# Input on outdoor x-pens? *Pictures up!*



## Spring (Mar 29, 2009)

Hi there!  Since buying my two x-pens, I'm quite excited to try them out with my guys! 

I just have a few questions/concerns. With living in rainy BC, my lawn is actually more moss than grass. Is moss dangerous to bunnies? I have no idea what kind it is, but I've looked on safe plant sites (some for cats) and a lot of the mosses seem to be safe. So not really sure. 

What other dangers/concerns should I look out for with having the bunnies outside in pens? Of course I'll be either sitting in the pens or right next to them at all times (can't trust the eagles and hawks here) with a sheet covering a large part of the pen anyways. 

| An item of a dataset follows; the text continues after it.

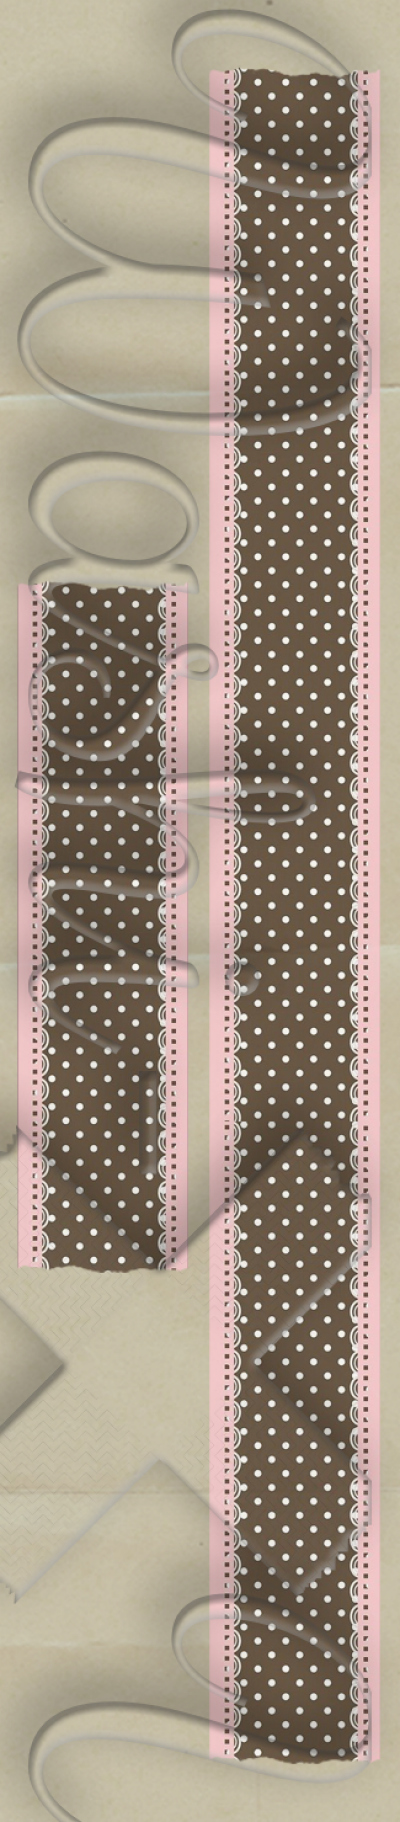 Brown-pink dots with embroidery patterned washi tape

I hopefully will be able to section off an area and totally clear it out, bunny proof it, plant oat grass and other bunny safe flowers to be my outdoor area for the x-pen. But until then, the lawn will have to do! 

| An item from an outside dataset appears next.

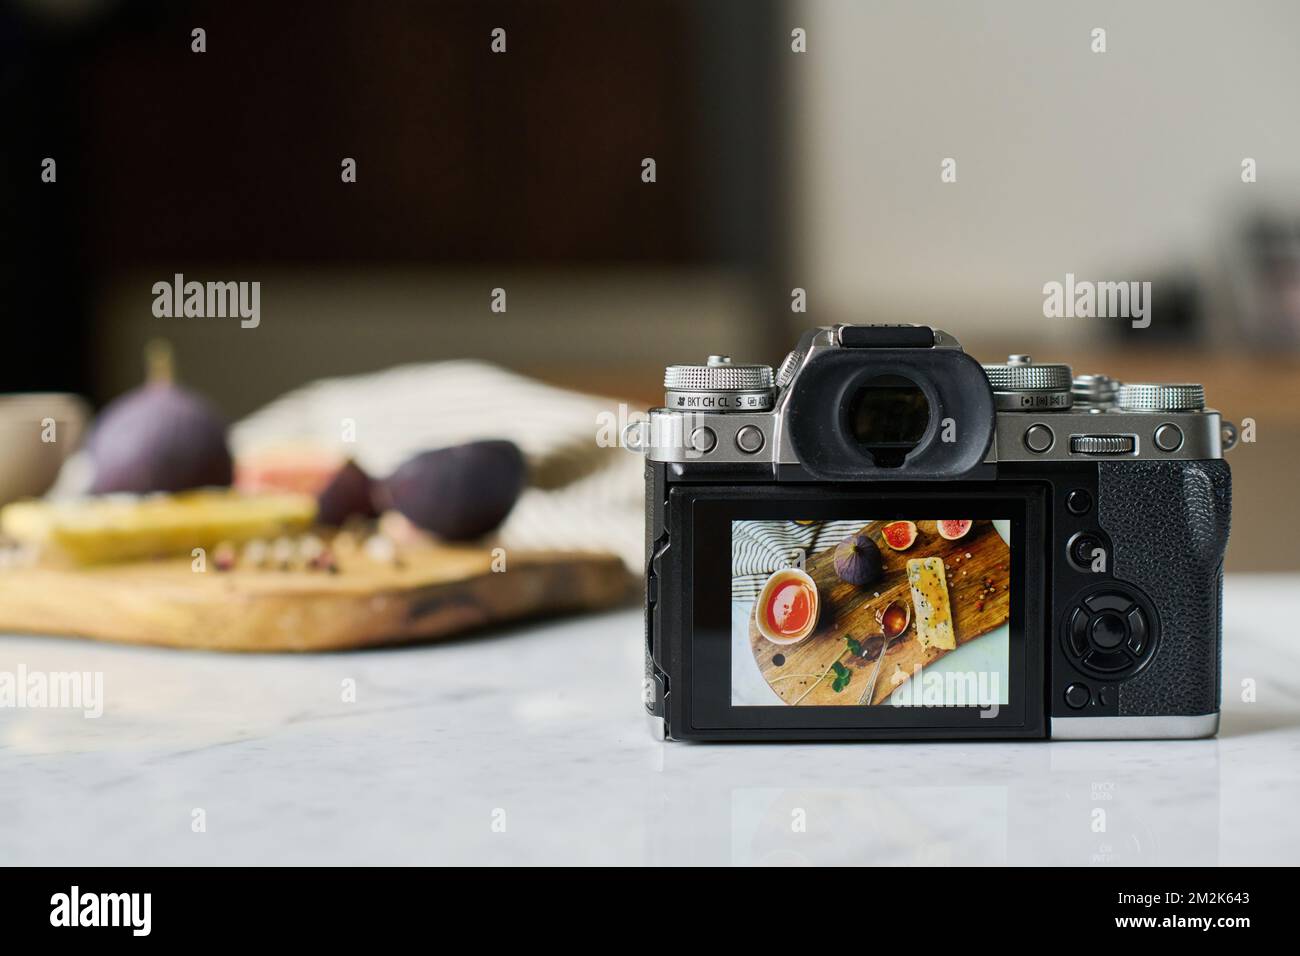 Close-up of professional digital photo camera with photo of food on the screen Stock Photo

Any input or pictures of your outdoor x-pen/pen set ups would be greatly appreciated!

Thanks.

Spring!

:sunshine:


----------



## Spring (Mar 30, 2009)

Guess outdoor set ups for runtimearen't as common as I thought! 

Will just have to play it by earand try stuff out tosee if I can come across any solution that works for me.


----------



## Luvr of Wabbits and Polar Bears (Mar 31, 2009)

I saw the sale but wasn't able to get down there. I would of loved to have a small outdoor run for the bunny's on nice days.


----------



## Pet_Bunny (Mar 31, 2009)

*Spring wrote: *


> Guess outdoor set ups for runtimearen't as common as I thought!



We still have 2 feet of snow in our back yard. 

Luvabun uses her play penin the house to separate Shadow and Jester.


----------



## mouse_chalk (Mar 31, 2009)

Meee! Me! I have outdoor pens! :wave2

I didn't see this thread, sorry 

I do live in the UK though, so hawks etc like that aren't really so common, although we do have neighbourhood cats, so I sit out there and watch them the whole time. I get Steve to bring me cups of tea, and hang my laptop charger out the window! Last weekend, I sat in the pen with my laptop writing the Today thread with Dotty jumping over me lol.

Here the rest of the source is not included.